Pro-Brexit campaigner Andrew Wigmore dubbed the Mayfair club “Brexit HQ” due to the number of pro-Brexit individuals present at the club. These include millionaires such as Richard Tice, Arron Banks, and Robin Birley – who owns 5 Hertford Street. Birley has donated over £250,000 to UKIP and £20,000 to Boris Johnson, according to the Times.
According to the Independent Workers Union of Great Britain (IWGB), which was backing the strike, the kitchen porters at the elite Mayfair club secured concessions from management which means they will have five days paid sick leave. Until now, management offered only statutory sick pay.
When the union announced the strike action, it said that the lack of “proper” sick pay meant “many of them are forced to work while they are ill, just to be able to pay their rent and keep the lights on”.
The club has also agreed to start paying workers the London Living Wage of £10.55 per hour by January 2020, following negotiations. Until June 2019, the workers were only paid £8.65 per hour, according to the IWGB.
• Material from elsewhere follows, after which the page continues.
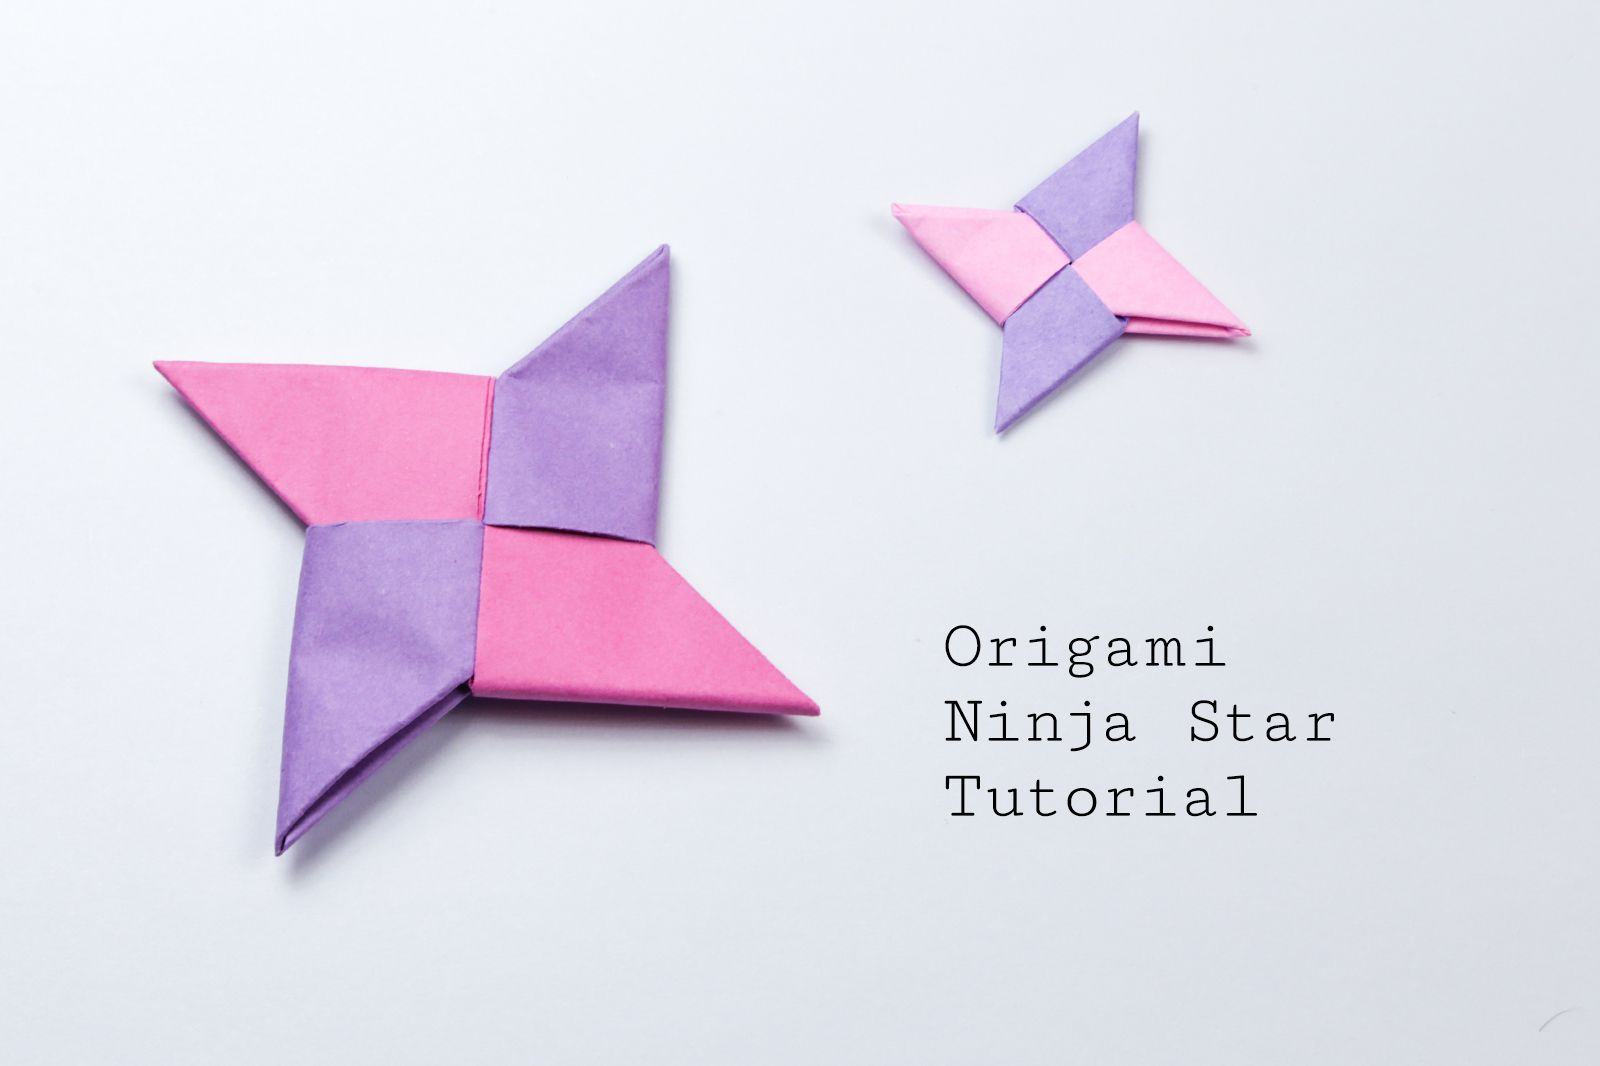 How To Make 3D Origami Pieces Origami Ninja Star Tutorial
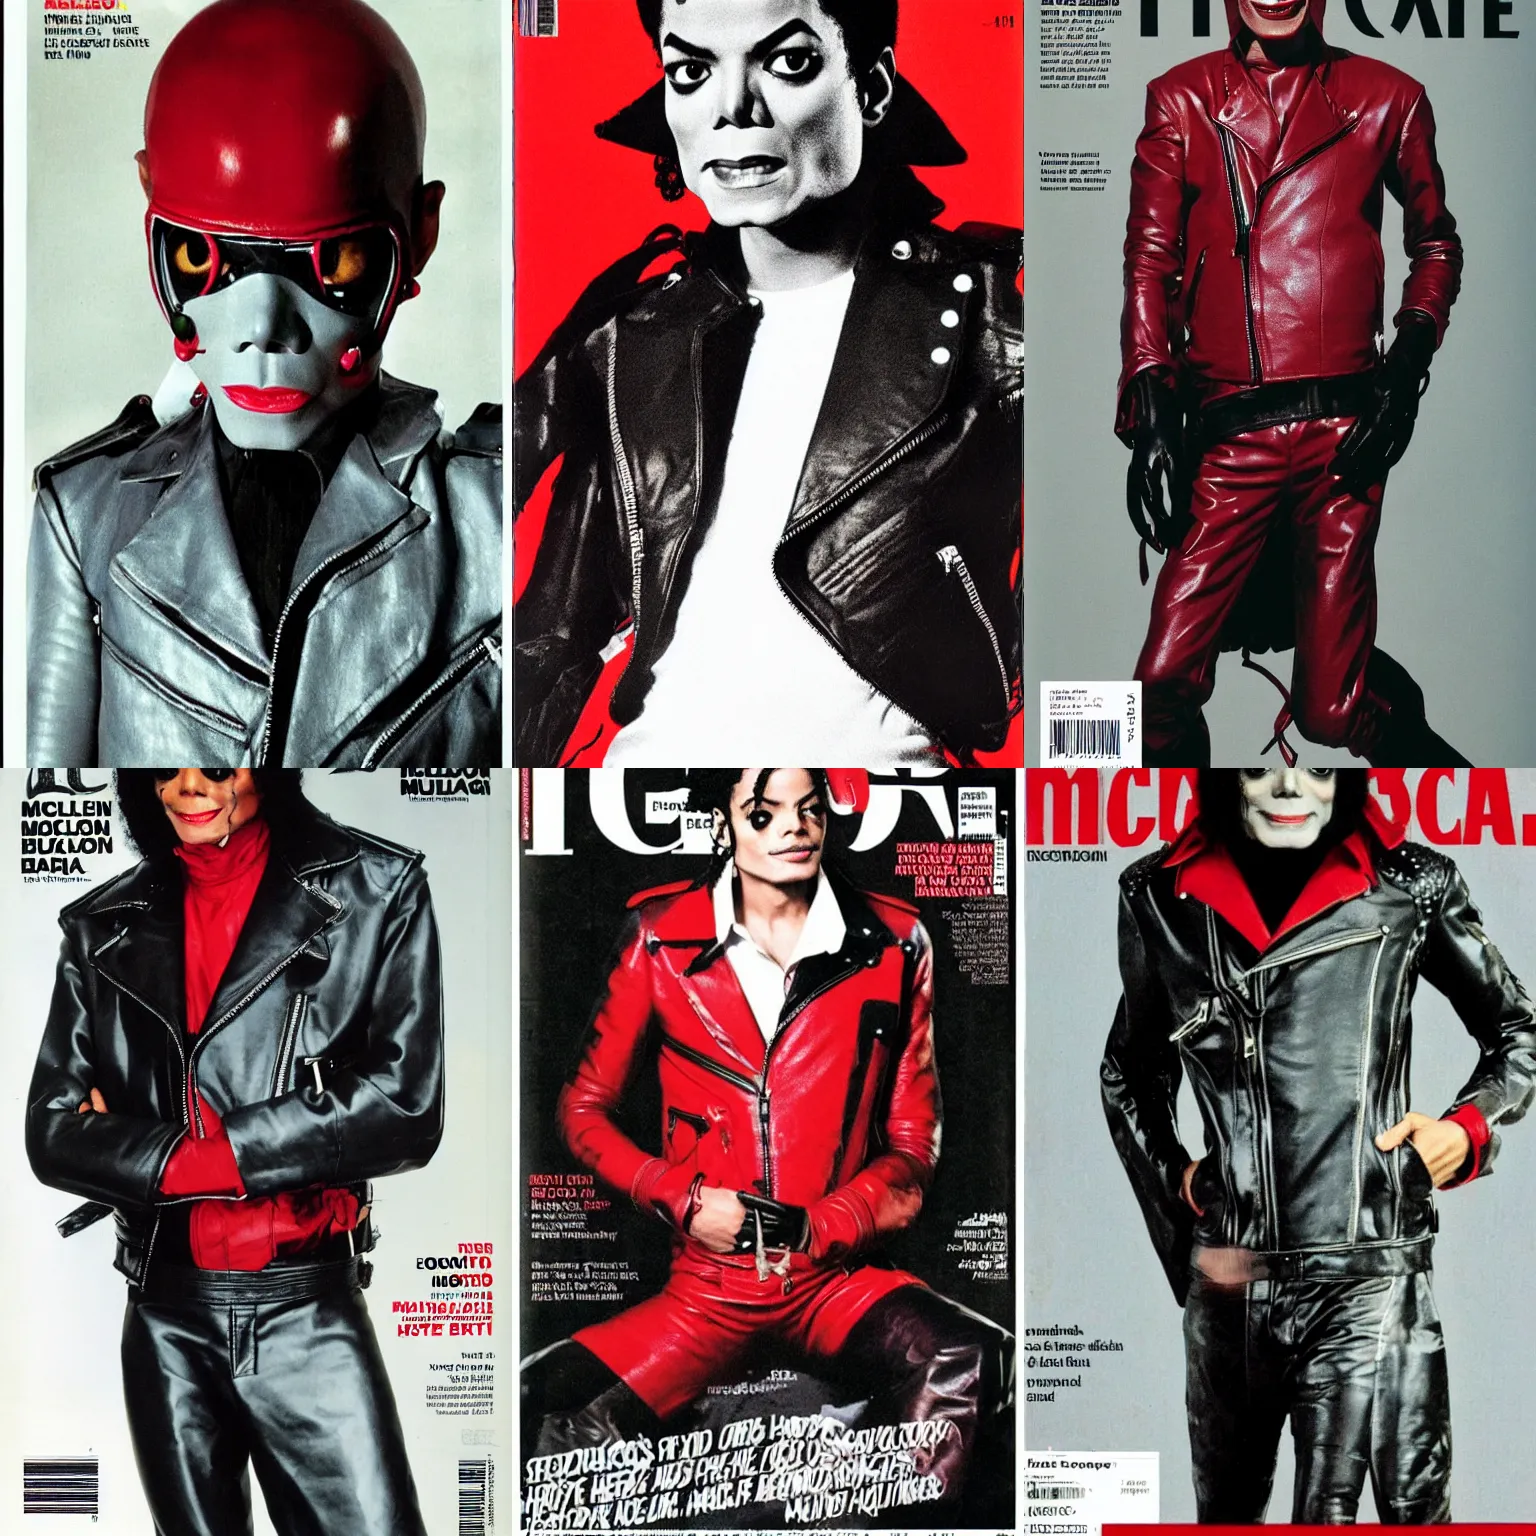 Prompt: bald michael jackson, with grey skin, huge bulbous black eyes, sectoid, alien head, martian, wearing the red leather motorcycle jacket from thriller, high fashion magazine cover.

Negotiations will continue
Other demands of the workers which have yet to be met include recognition of their union.
The IWGB said it “welcomes” the improved terms agreed to, although “the offer still falls short of a decent contractual sick pay package and a proper collective bargaining agreement”. The union says that workers will, therefore, be seeking union recognition via arbitration.
In a prior statement to The Canary, on 6 December, 5 Hertford Street said:
Only 10 of our 250 members of staff are members of the IWGB, so it would be inappropriate for the club formally to recognise the union but as demonstrated during our recent discussions we are quite prepared to have a constructive relationship.